А ты сегодня вроде бы в «домике» (квартира, заработки, жизненный опыт, умения и ещё крепкие мускулы), а как на ладони! И хочется пуще прежнего отгородиться от мира зеркальными стёклами, заборами до небес или вообще уехать… Вот у меня есть теперь хорошая большая квартира, но «домика» внутри — нет. А очень хочется. До того хочется, что как­то на работе в офисе навалился на меня народ со своими бумажками, прорухами и делами первостепенной важности, а у меня на «личном фронте» и без того заторов хватало, что я возьми и сложи над головой руки крышей и ляпни: «Баста! Чик­чик! Я в домике!». Сотрудники, по­видимому, приняли мою выходку за шутку, мол, шеф сильно занят, пока не беспокоить. Или свихнулся, что без разницы. А я влетел в свой кабинет, подскочил к зеркалу и повторил обряд с заклинанием — ничего хорошего, никаких светлых изменений в душе… Только смешок над самим собой. И усталость, которая тут же опустошающе заняла место, отведённое для внутреннего «домика».

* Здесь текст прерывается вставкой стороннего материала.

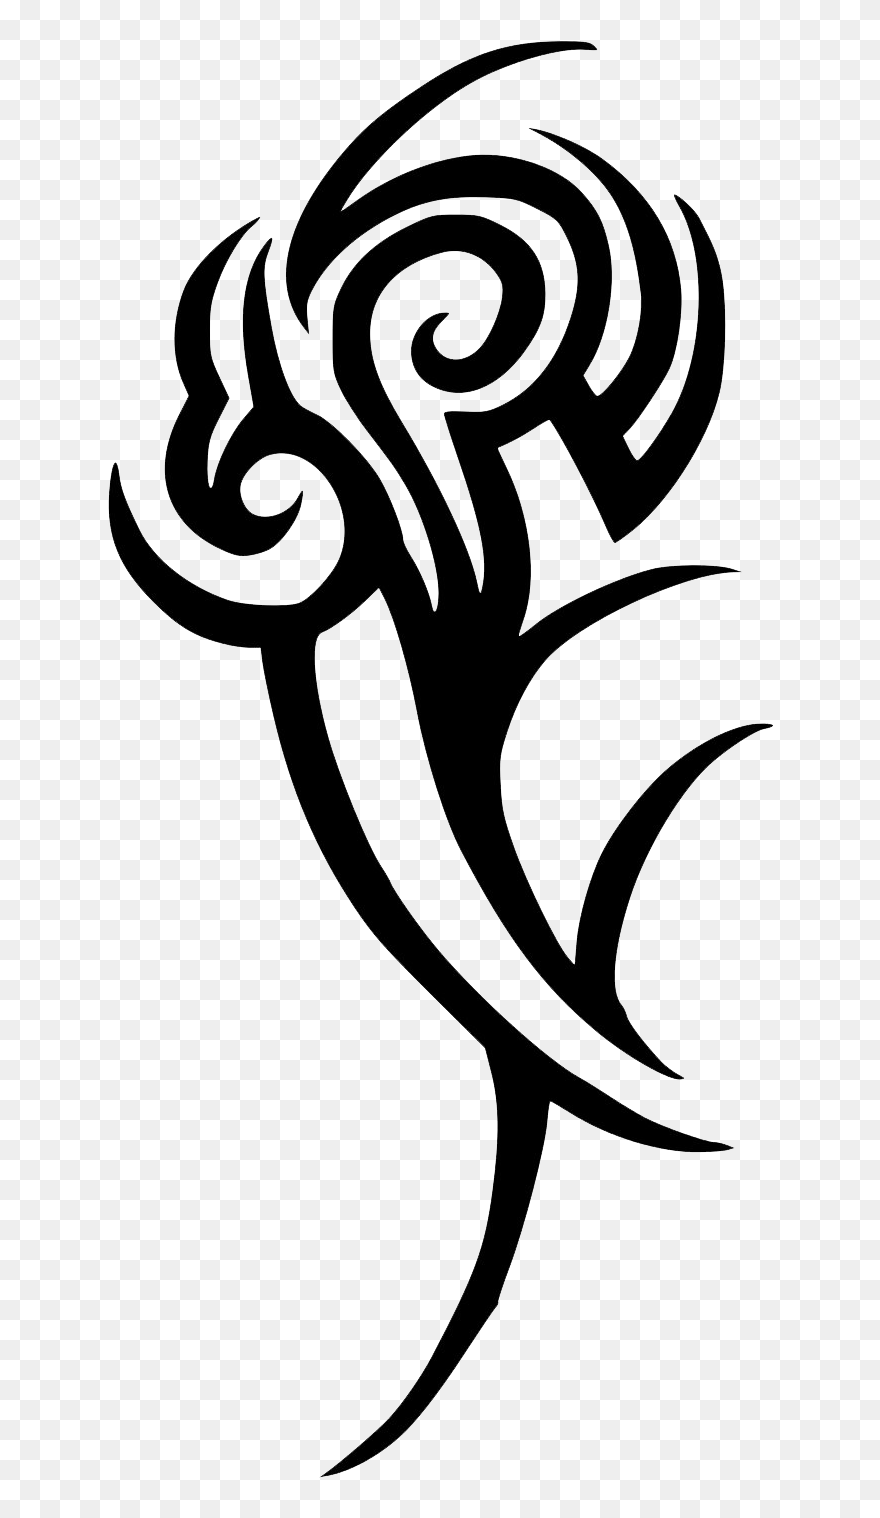 Tribal Tattoo Png : tribal, tattoo, Tribal, Tattoos, Transparent, Photo, Tattoo, Design, Clipart, (#5556584), PinClipart

Вот мой компаньон — в «домике». Это я про дело. Если у него разрушить бизнес, он погорюет и примется восстанавливать. Если же попробовать отнять — биться будет насмерть. И, видимо, умрёт, коли происки врагов окажутся успешными. Без «внутреннего домика» человек или скитается неприкаянно, или погибает. Для компаньона бизнес не суть деньги. Это для него дело жизни. Сама жизнь. Оно греет его и радует. А проблемы он решает не как ПРОБЛЕМЫ, когда ты мрачнее тучи и озадачен, а как ребусы: азартно, виртуозно, с лёгкостью и самоотдачей. И всё, чем оброс бизнес: положением в кругах элиты города, теми же деньгами, некоторыми материальными благами и возможностями — тоже часть архитектуры и интерьера его «домика». И мой компаньон вполне заслужил себе именно такой «домик», прыгнув, нет, поднявшись из грязи в князи, из детства, почти лишённого «внутреннего домика», где в подпалённой пожаром квартире с десяток лет родители­пропойцы заливались вином и водкой, дрались, когда от голода ты пробуешь на зуб яичную скорлупу или тянешь в рот дохлого таракана вместо хлебной крошки… Впрочем был и у него свой «внутренний домик»: дружба с цепным псом. Он убегал от побоев в собачью будку. Пёс не подпускал к нему никого, за что бывал бит палками. А мальчишка лечил собаку, как мог (мочу на раны или зелёнку — пёс терпит, смотрит жалобно и благодарно); треть, а то и половину картофелины, сваренной в мундире, если принесёт соседка сердобольная — лохматому другу, и разговоры задушевные — он всё понимает, только говорит тихо. И мечта — убежать в Африку. И убежали­таки… Побег — сам факт его — счастьем оказался трепетным и безмерным. А уж куда привёл, отдельная история. Об этом мне компаньон рассказал там, в нашей очень схожей юности.


Мне кажется, отчасти я знаю ответ на вопрос, где искать мне свой «внутренний домик», и, возможно или обязательно, я его себе когда­нибудь произнесу. А пока — считаю те самые «но», равнодушно копаюсь в них или просто принимаю, не задумываясь, хотя ведаю про них всё до донышка…

Порой заваливается ко мне незваным гостем чувство вины. Тупое и знобкое, оно сковывает холодом мозги и мышцы. Будто растворяет в теле капилляры, прожилки, внутренние органы… Я убеждаю себя (уж лучше симптом психбольного!), что пикетирует меня чувство вины вообще, не «персонифицированное», так сказать, что истоки его не в явных моих поступках и грехах, а по природе своей от усталости ожидания и невроза. Но и это объяснение не приносит облегчения. Тревожное, оно изматывает, подталкивает к странным решениям и поступкам. Я устал от него, а его визиты делаются всё более частыми и продолжительными. В какой­то момент становится вдруг так страшно, что хочется прожить жизнь за секунду и стать старым — седым, морщинистым, немощным и жалким. А между делом неявно ищешь покаяния и исповеди, такой, чтобы словно всё сначала, чтобы каждая клеточка мучилась и плакала… И оттягиваешь, будто на этом свете и рассказать­то о боли своей некому. Вот и маешься: ни душу облегчить толком, ни плюнуть на всё с высокой колокольни… Может быть, поэтому я неосознанно боюсь своего почтового ящика? Боюсь до такой степени, что, когда прохожу мимо, опускаю глаза, а в душе мне хочется быстро поздороваться с ним и улизнуть до того, как он окликнет меня, а взгляд мой обожжётся о его ледяные выпученные белки… И, как ни странно, не поэтому ли я берегу своё одиночество? Может быть, я просто боюсь себя среди людей?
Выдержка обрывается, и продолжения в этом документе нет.